> **Task requirements**
Without changing a word, return the listing below, minus its images.

> **Supplied material**
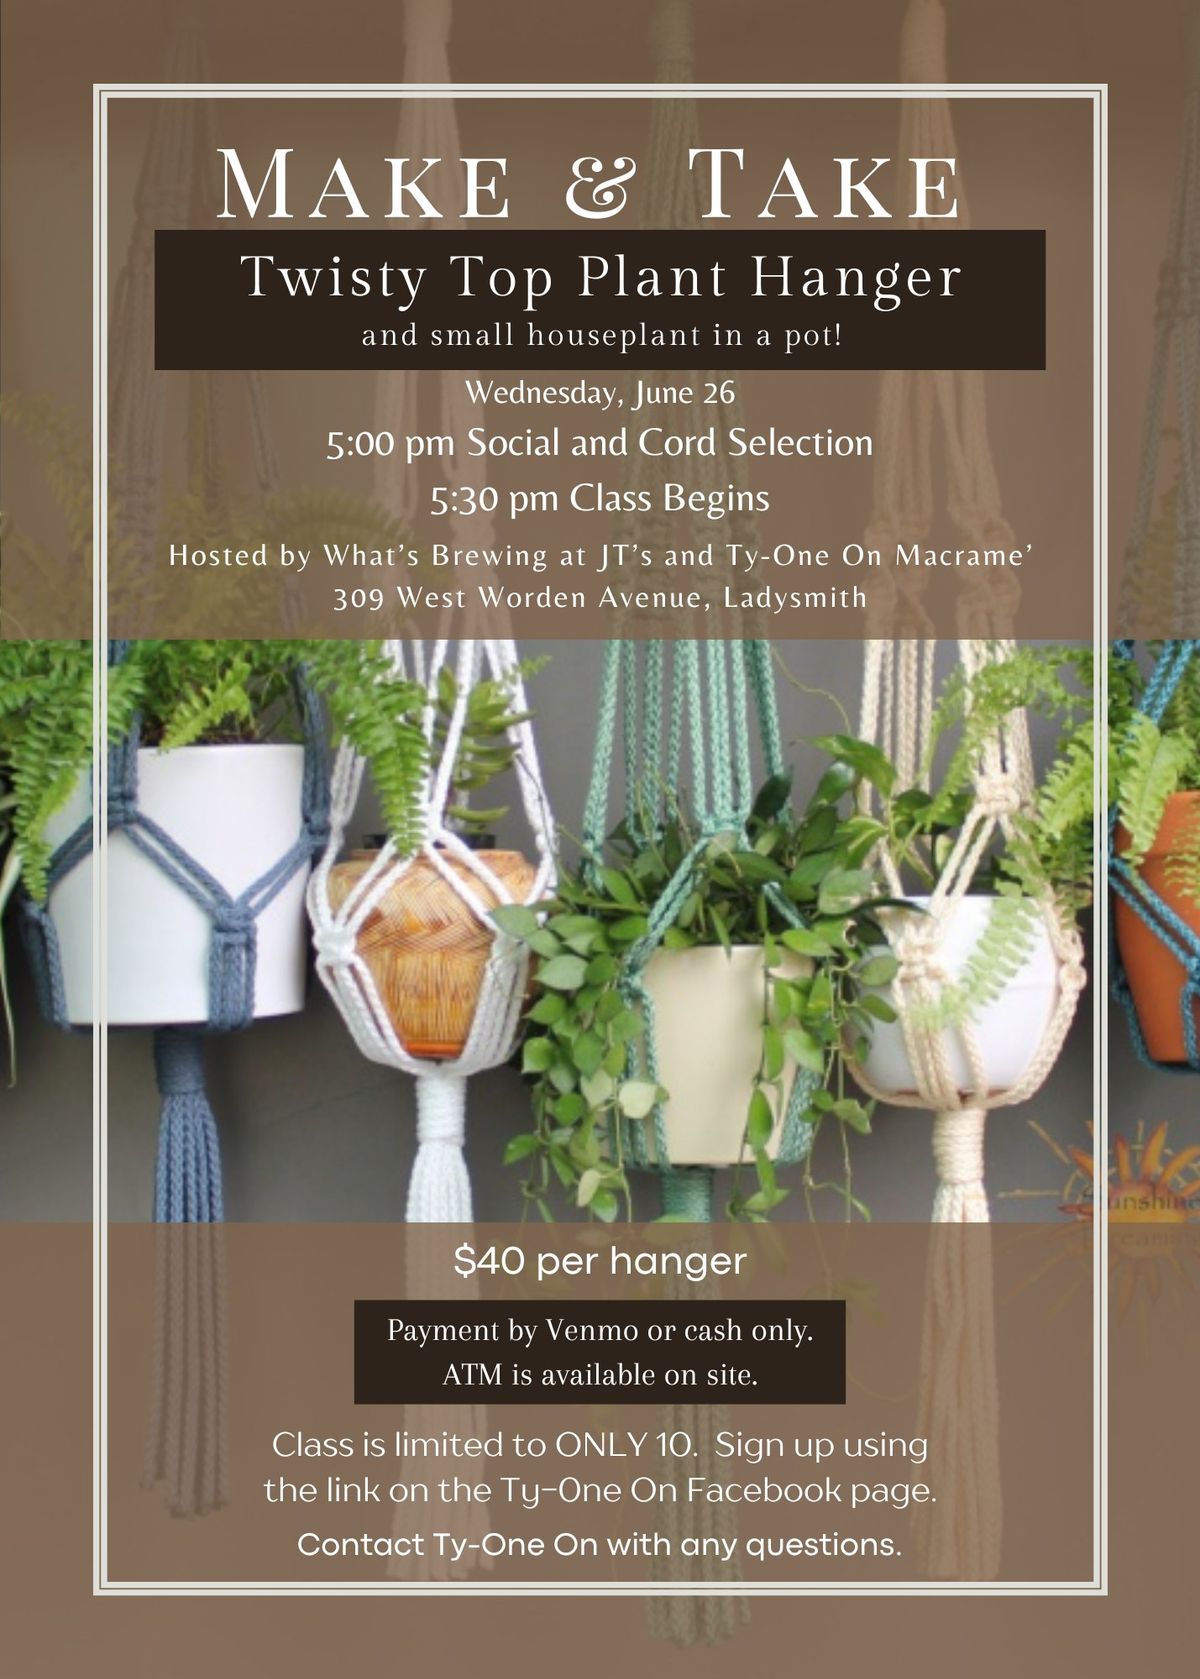 Make & Take Twisty Top Plant Hanger
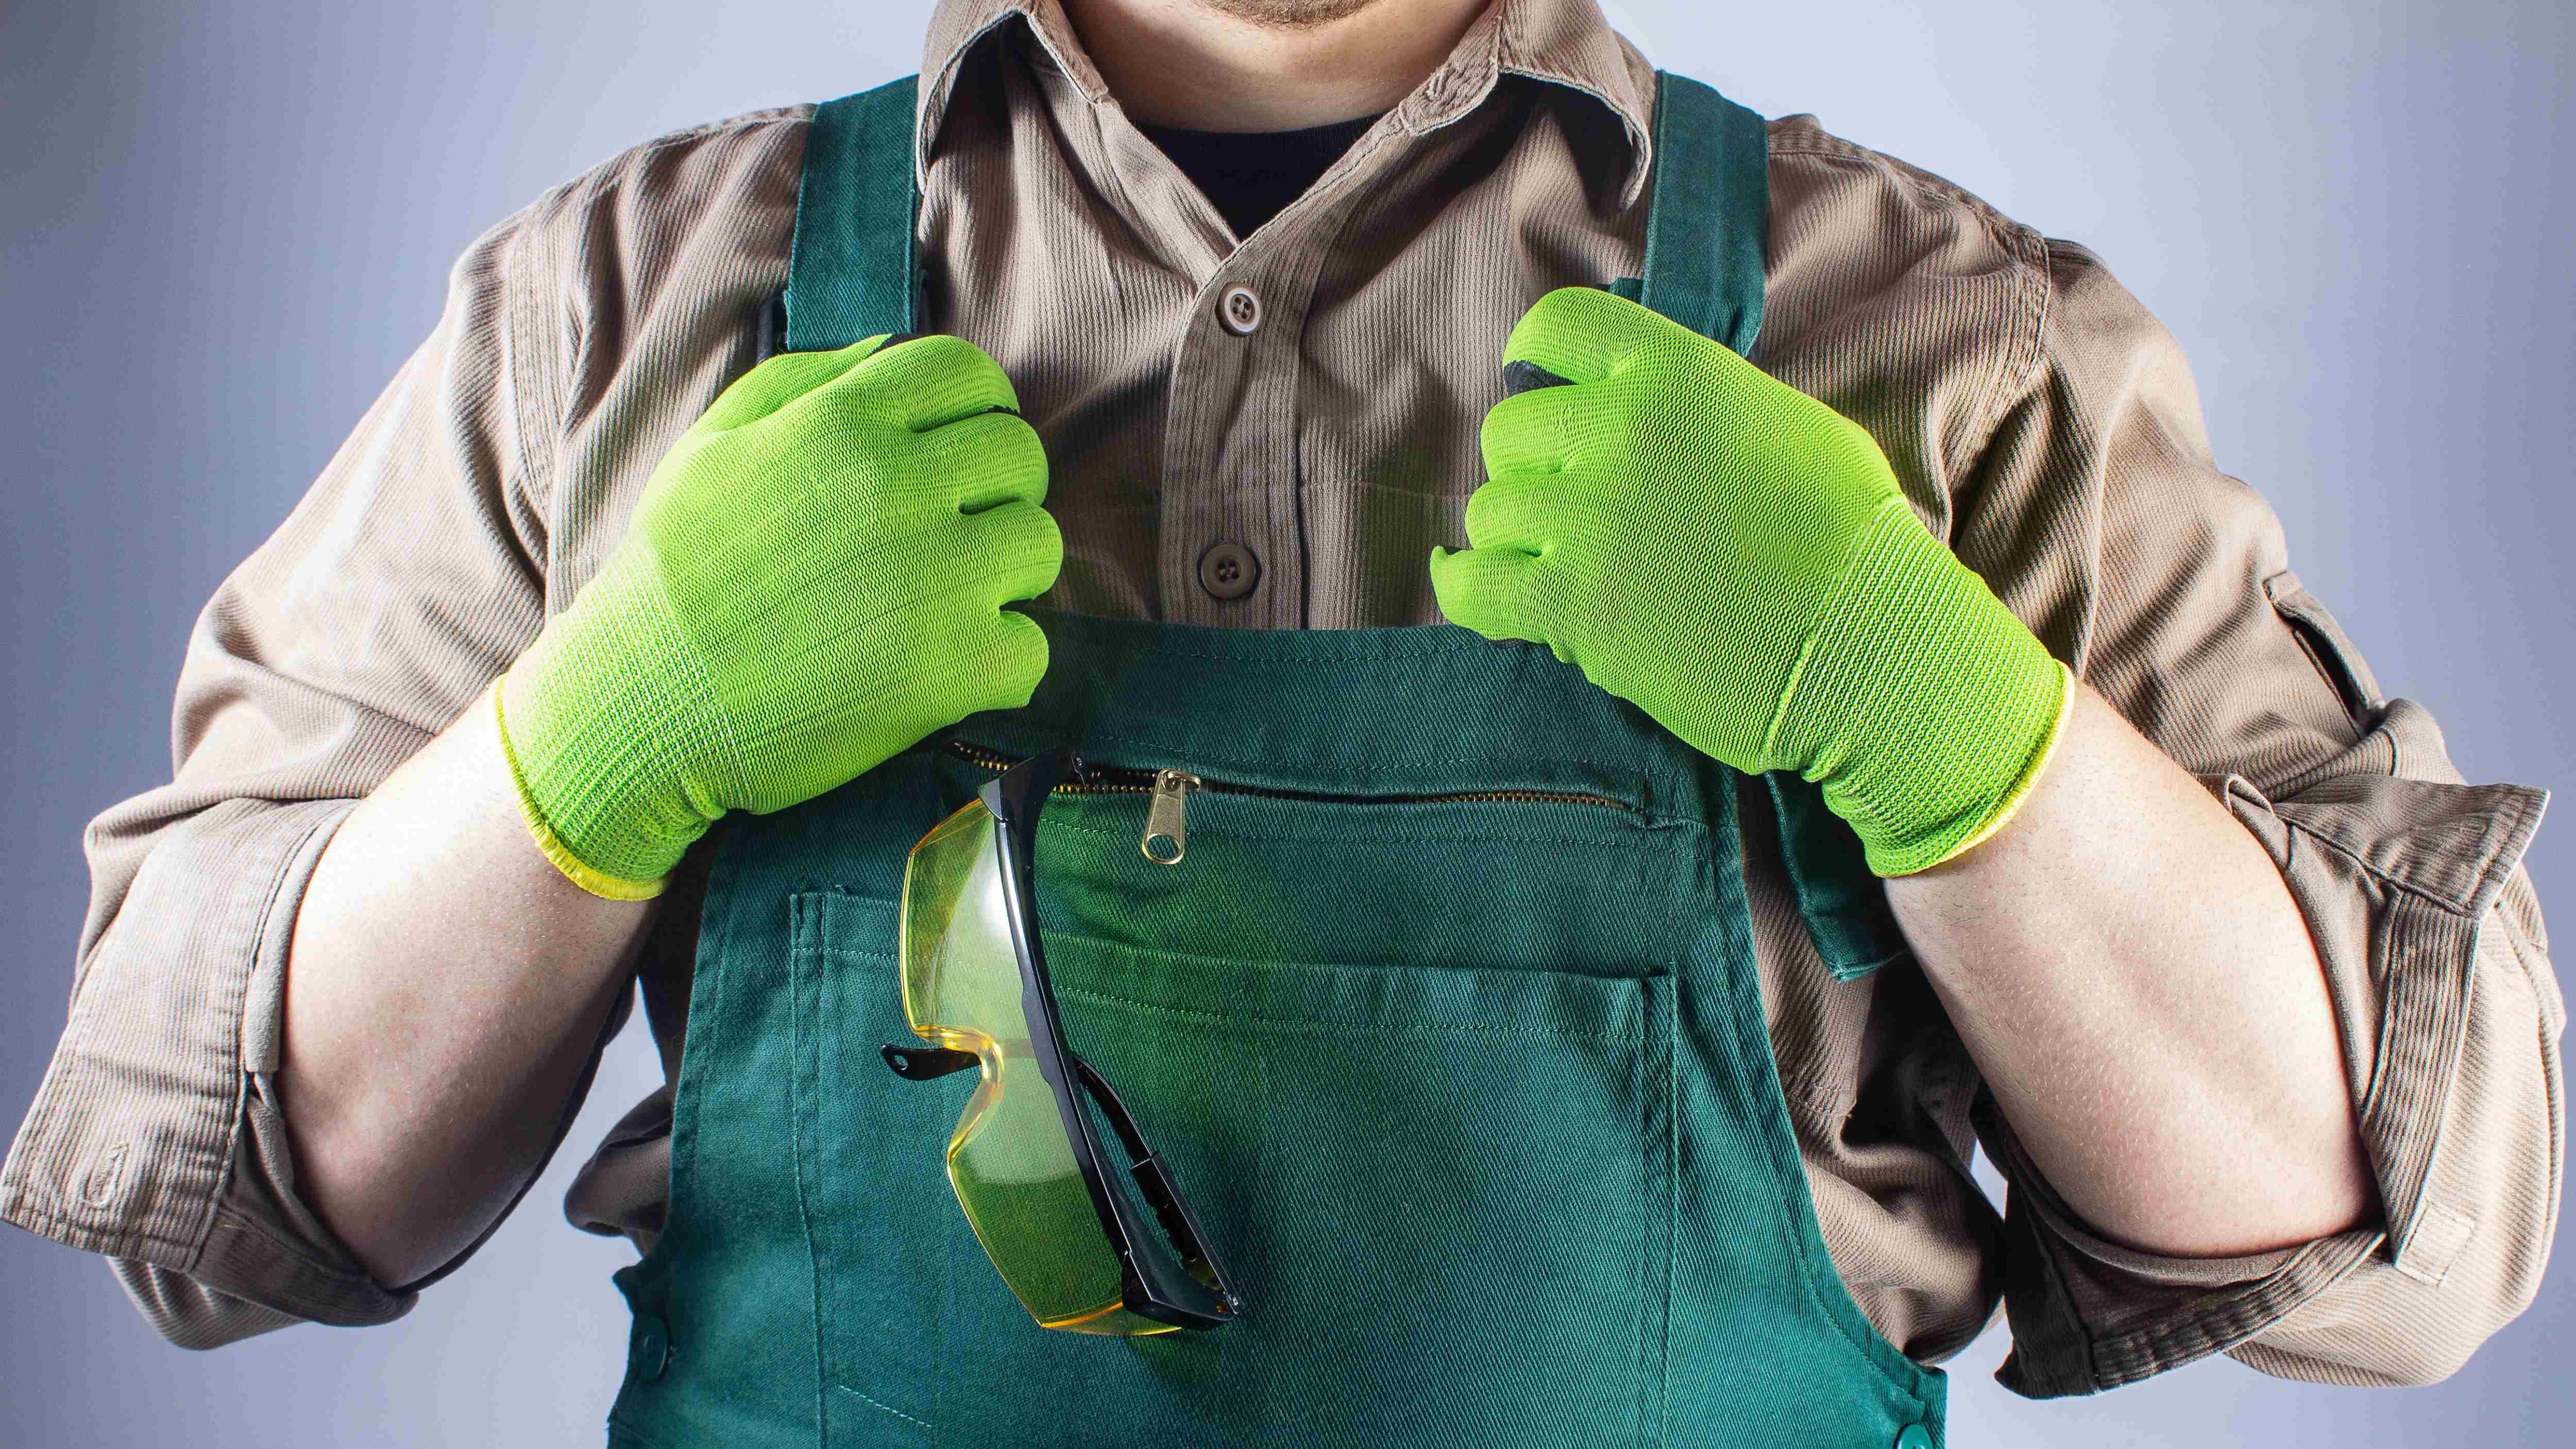 Choisir des gants de protection, Outils et équipements
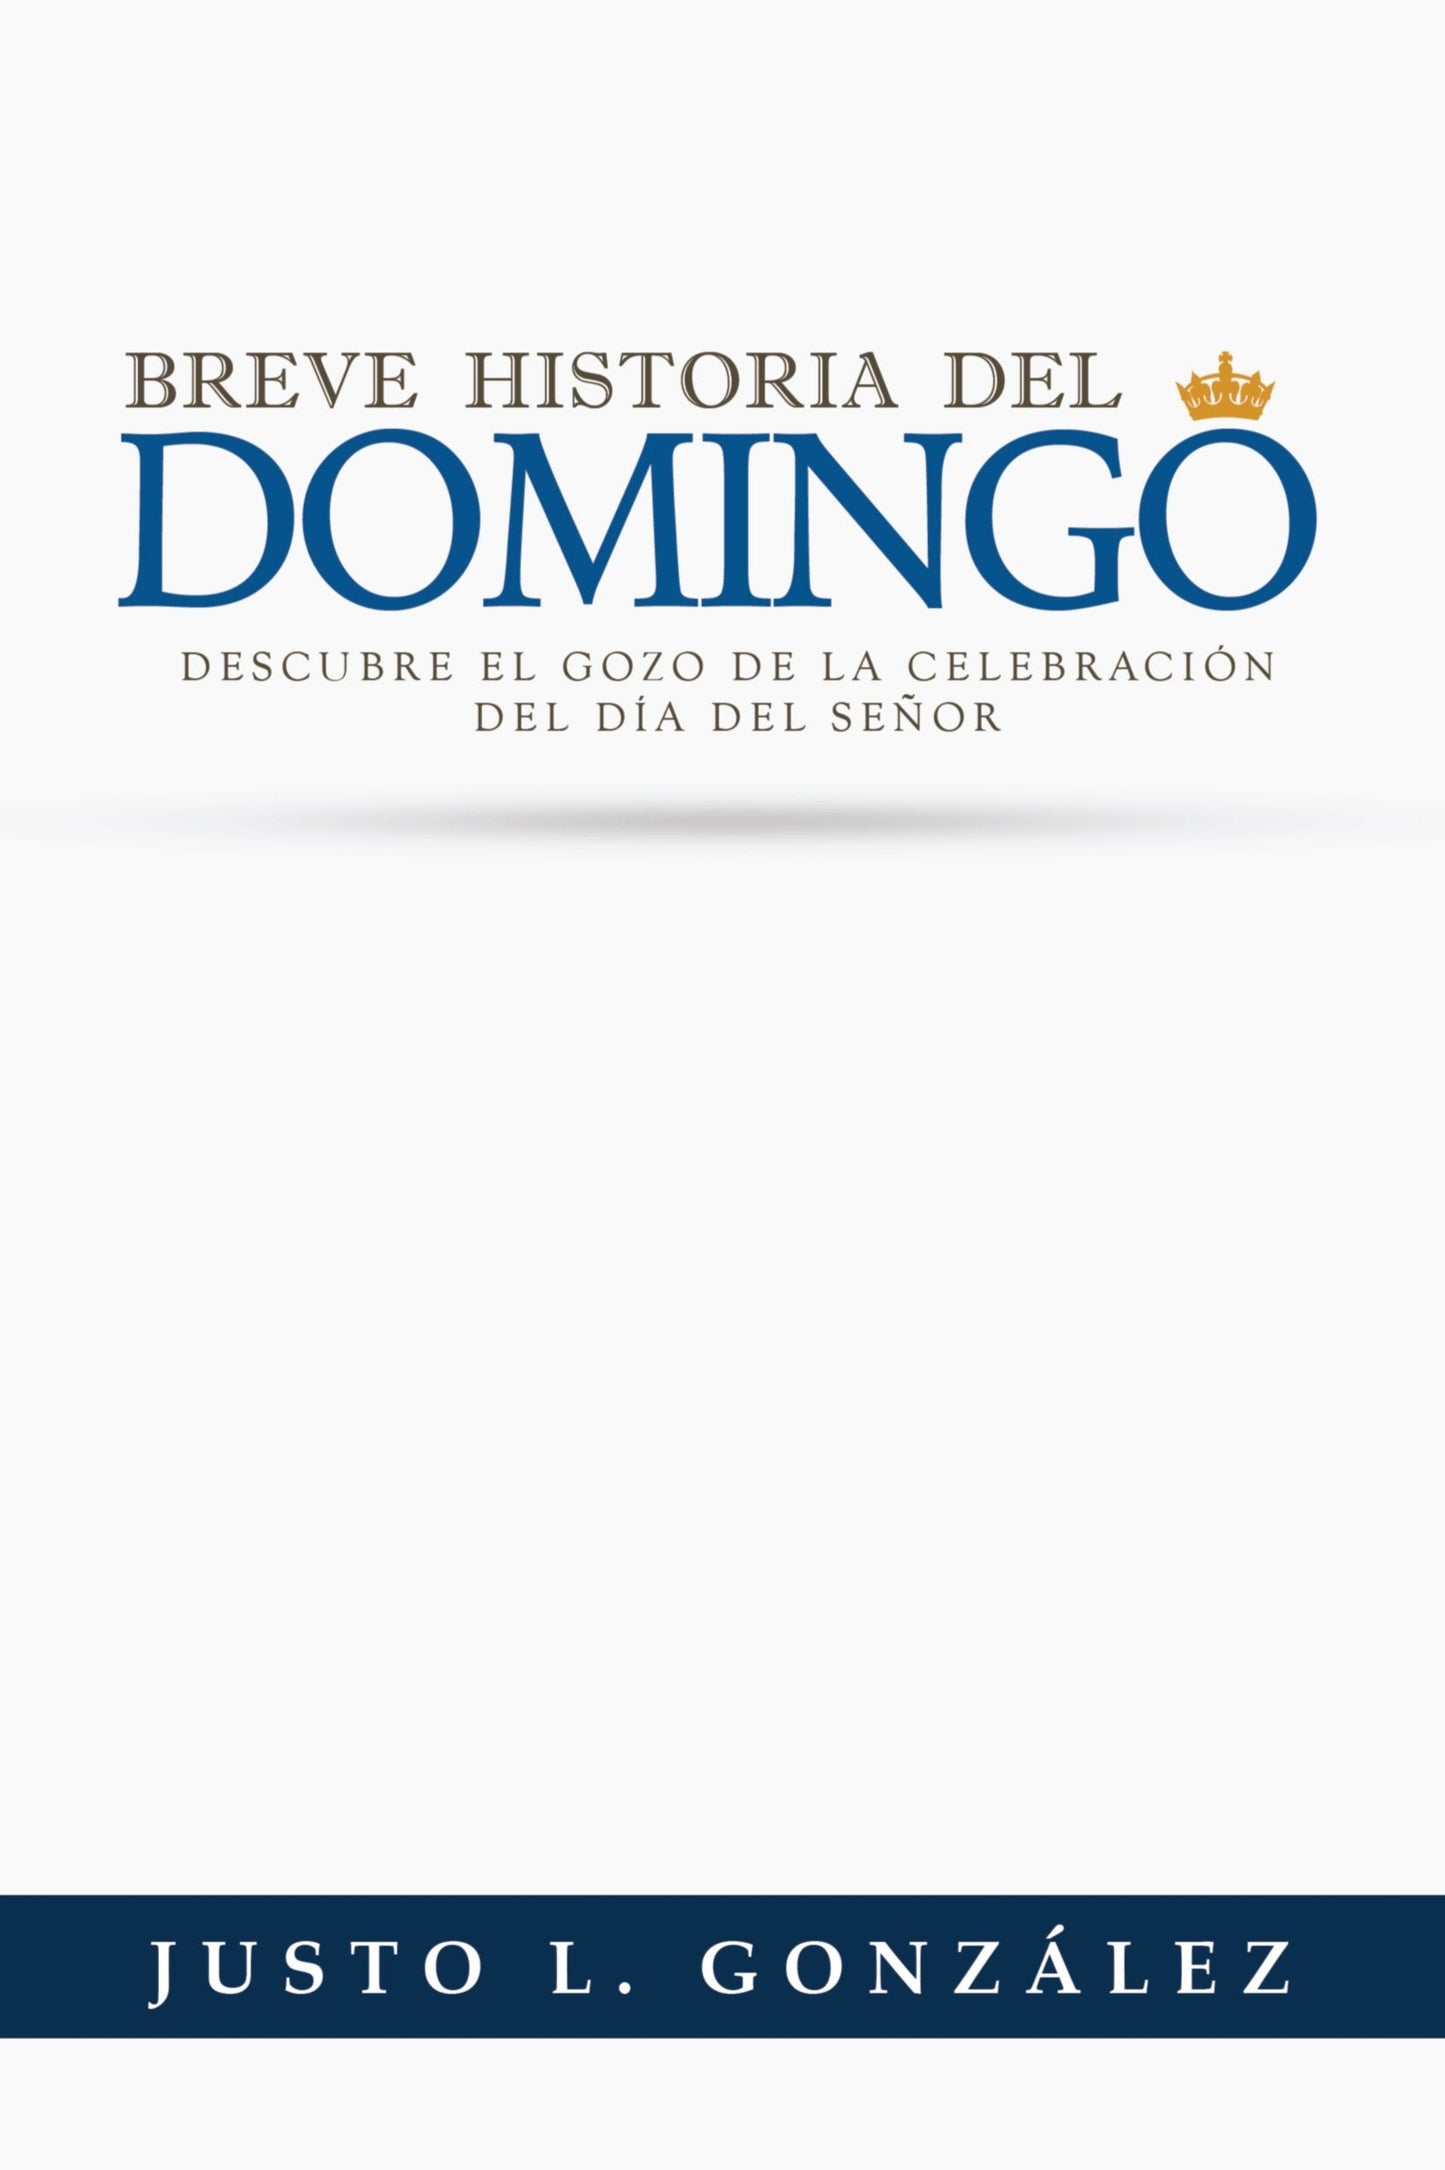 Breve Historia del Domingo de venta en Colombia | Justo Gonzalez | Mundo Hispano | PalabraInspirada.com

> **Task solution**
 Make & Take Twisty Top Plant Hanger
 Choisir des gants de protection, Outils et équipements
 Breve Historia del Domingo de venta en Colombia | Justo Gonzalez | Mundo Hispano | PalabraInspirada.com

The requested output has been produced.